The company’s (i) directors, (ii) shareholders, (iii) administrator, or (iv) liquidator, may apply to court in respect of a proposed restructuring plan. The applicant must prepare a suitable plan and, in doing so, they will need the input of various advisors, such as lawyers and accountants to ensure that any plan is feasible and in the best interests of the creditors as a whole. It is important to balance the interests of all stakeholders when making the plan.

 

Once a plan has been decided, an application must be made to court for directions to summon a meeting of creditors (or a class of creditors) for the purpose of considering the plan. There are various considerations that must be taken into account at this stage, including notice periods and whether any other proceedings need to be stayed.

 

Once the initial directions order has been granted, the applicant will need to give notice to the company’s stakeholders and convene meetings of creditors and members as necessary. For the purpose of determining who will need to attend a meeting, consideration should be given to all parties who have a “genuine economic interest” in the company.   

 

Once the plan has been approved with the requisite majorities, a further court hearing must be convened so that the court may sanction the plan.

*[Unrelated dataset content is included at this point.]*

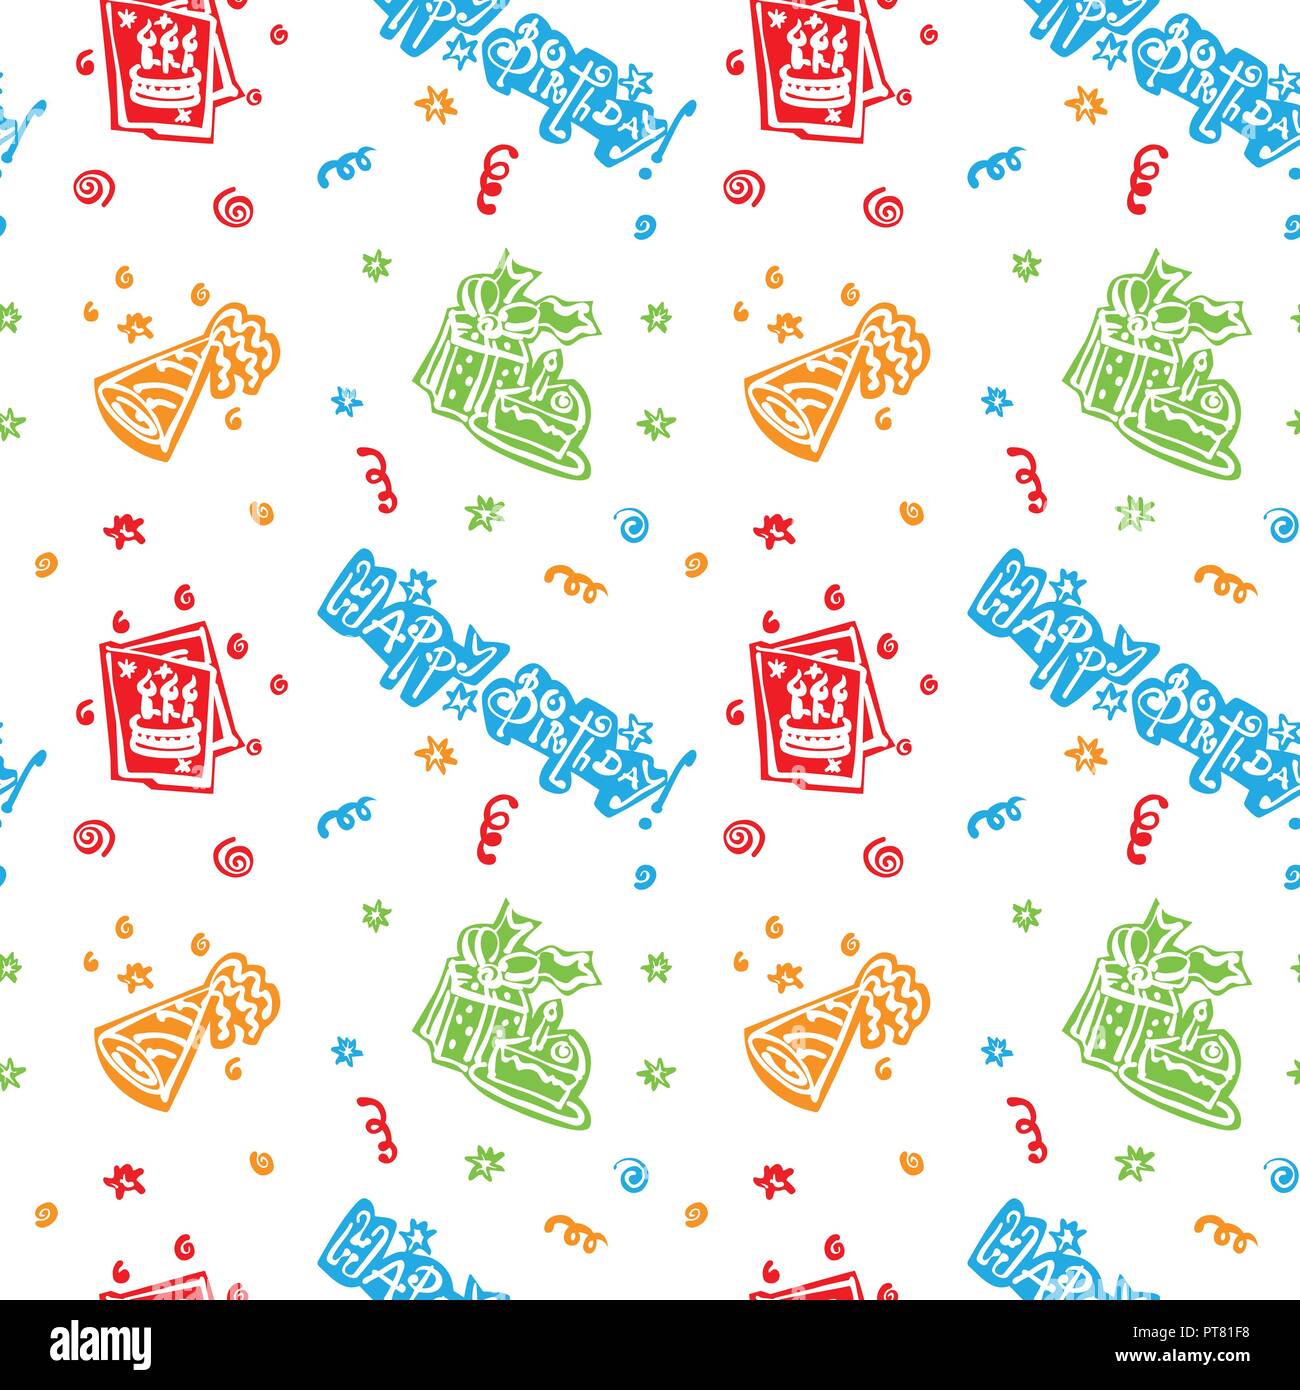 colorful Happy birthday pattern Background Stock Vector

The court’s decision is entirely at its discretion and the court may refuse to grant sanction, notwithstanding the consents secured by the applicant.

 

If the court sanctions the plan, it will be binding on all creditors and members once notice has been given to Companies House.

As set out above, various steps must be carried out before a restructuring plan can be implemented. The law on restructuring plans is continuing to develop with prospective plans increasingly coming before court.